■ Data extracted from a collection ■
+++++

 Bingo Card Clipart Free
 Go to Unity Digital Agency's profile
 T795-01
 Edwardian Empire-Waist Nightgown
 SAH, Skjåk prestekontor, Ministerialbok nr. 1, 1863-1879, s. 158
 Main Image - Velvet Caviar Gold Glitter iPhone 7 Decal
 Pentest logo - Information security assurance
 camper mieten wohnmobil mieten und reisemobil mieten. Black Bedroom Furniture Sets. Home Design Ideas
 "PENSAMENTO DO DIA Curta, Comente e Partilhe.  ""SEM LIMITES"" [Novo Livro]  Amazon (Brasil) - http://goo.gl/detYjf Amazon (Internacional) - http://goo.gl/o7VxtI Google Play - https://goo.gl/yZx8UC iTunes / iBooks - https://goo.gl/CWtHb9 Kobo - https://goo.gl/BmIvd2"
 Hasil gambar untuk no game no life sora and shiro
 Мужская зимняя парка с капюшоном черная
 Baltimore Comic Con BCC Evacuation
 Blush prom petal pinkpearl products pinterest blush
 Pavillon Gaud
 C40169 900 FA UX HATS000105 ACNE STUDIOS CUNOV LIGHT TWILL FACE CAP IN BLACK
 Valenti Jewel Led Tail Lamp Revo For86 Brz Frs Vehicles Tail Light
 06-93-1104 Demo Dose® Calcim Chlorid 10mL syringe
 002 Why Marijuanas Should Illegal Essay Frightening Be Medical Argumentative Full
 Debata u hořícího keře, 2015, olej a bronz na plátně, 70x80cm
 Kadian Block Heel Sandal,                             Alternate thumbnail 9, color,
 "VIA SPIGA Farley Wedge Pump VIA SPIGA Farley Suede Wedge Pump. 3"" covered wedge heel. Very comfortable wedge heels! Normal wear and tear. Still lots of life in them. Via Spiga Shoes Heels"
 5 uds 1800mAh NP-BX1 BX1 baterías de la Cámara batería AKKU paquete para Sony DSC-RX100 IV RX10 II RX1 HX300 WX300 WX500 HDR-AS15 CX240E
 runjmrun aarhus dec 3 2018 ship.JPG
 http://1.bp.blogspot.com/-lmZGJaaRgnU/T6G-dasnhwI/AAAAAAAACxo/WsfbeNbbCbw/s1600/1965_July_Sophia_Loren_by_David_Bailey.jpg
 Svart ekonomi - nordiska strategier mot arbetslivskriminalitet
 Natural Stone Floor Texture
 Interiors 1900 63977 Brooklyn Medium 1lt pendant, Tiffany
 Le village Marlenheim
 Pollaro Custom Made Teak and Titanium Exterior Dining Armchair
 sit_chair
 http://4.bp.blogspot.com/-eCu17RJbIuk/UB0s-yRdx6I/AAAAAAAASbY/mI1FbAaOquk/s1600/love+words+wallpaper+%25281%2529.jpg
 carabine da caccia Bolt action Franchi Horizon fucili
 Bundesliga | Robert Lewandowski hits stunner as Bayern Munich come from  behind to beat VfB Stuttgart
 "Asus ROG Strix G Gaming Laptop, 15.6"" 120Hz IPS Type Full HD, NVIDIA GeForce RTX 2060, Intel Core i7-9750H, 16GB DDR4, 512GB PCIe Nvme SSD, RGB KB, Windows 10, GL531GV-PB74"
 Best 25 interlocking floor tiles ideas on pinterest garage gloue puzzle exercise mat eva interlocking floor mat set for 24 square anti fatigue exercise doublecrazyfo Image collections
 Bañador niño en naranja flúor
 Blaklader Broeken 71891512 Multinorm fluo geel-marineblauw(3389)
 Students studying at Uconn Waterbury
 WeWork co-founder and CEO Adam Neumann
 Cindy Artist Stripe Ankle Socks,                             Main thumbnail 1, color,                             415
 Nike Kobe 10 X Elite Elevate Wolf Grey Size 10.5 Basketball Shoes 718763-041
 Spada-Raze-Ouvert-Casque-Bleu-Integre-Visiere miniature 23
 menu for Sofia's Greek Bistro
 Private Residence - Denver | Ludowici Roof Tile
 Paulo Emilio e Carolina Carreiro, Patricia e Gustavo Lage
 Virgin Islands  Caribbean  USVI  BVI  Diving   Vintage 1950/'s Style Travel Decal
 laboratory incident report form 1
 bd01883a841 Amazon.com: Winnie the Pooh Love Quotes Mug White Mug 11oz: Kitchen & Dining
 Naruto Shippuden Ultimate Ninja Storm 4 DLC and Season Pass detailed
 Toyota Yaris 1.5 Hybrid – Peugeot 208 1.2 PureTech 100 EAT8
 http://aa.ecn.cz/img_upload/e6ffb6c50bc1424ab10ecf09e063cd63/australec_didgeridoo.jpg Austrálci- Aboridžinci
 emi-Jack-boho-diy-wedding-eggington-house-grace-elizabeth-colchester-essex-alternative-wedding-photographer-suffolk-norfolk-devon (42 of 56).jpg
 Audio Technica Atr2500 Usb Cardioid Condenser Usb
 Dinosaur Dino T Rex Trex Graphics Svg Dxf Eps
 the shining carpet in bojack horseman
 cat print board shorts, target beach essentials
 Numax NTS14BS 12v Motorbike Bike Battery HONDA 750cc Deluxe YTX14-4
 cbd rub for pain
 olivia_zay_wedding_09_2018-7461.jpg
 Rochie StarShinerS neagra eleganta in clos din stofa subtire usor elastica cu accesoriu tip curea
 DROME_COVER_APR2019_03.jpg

+++++

■ Work request ■
Look through the records and copy every line that has the word "Decal".

■ Finished exercise ■
 Main Image - Velvet Caviar Gold Glitter iPhone 7 Decal
 Virgin Islands  Caribbean  USVI  BVI  Diving   Vintage 1950/'s Style Travel Decal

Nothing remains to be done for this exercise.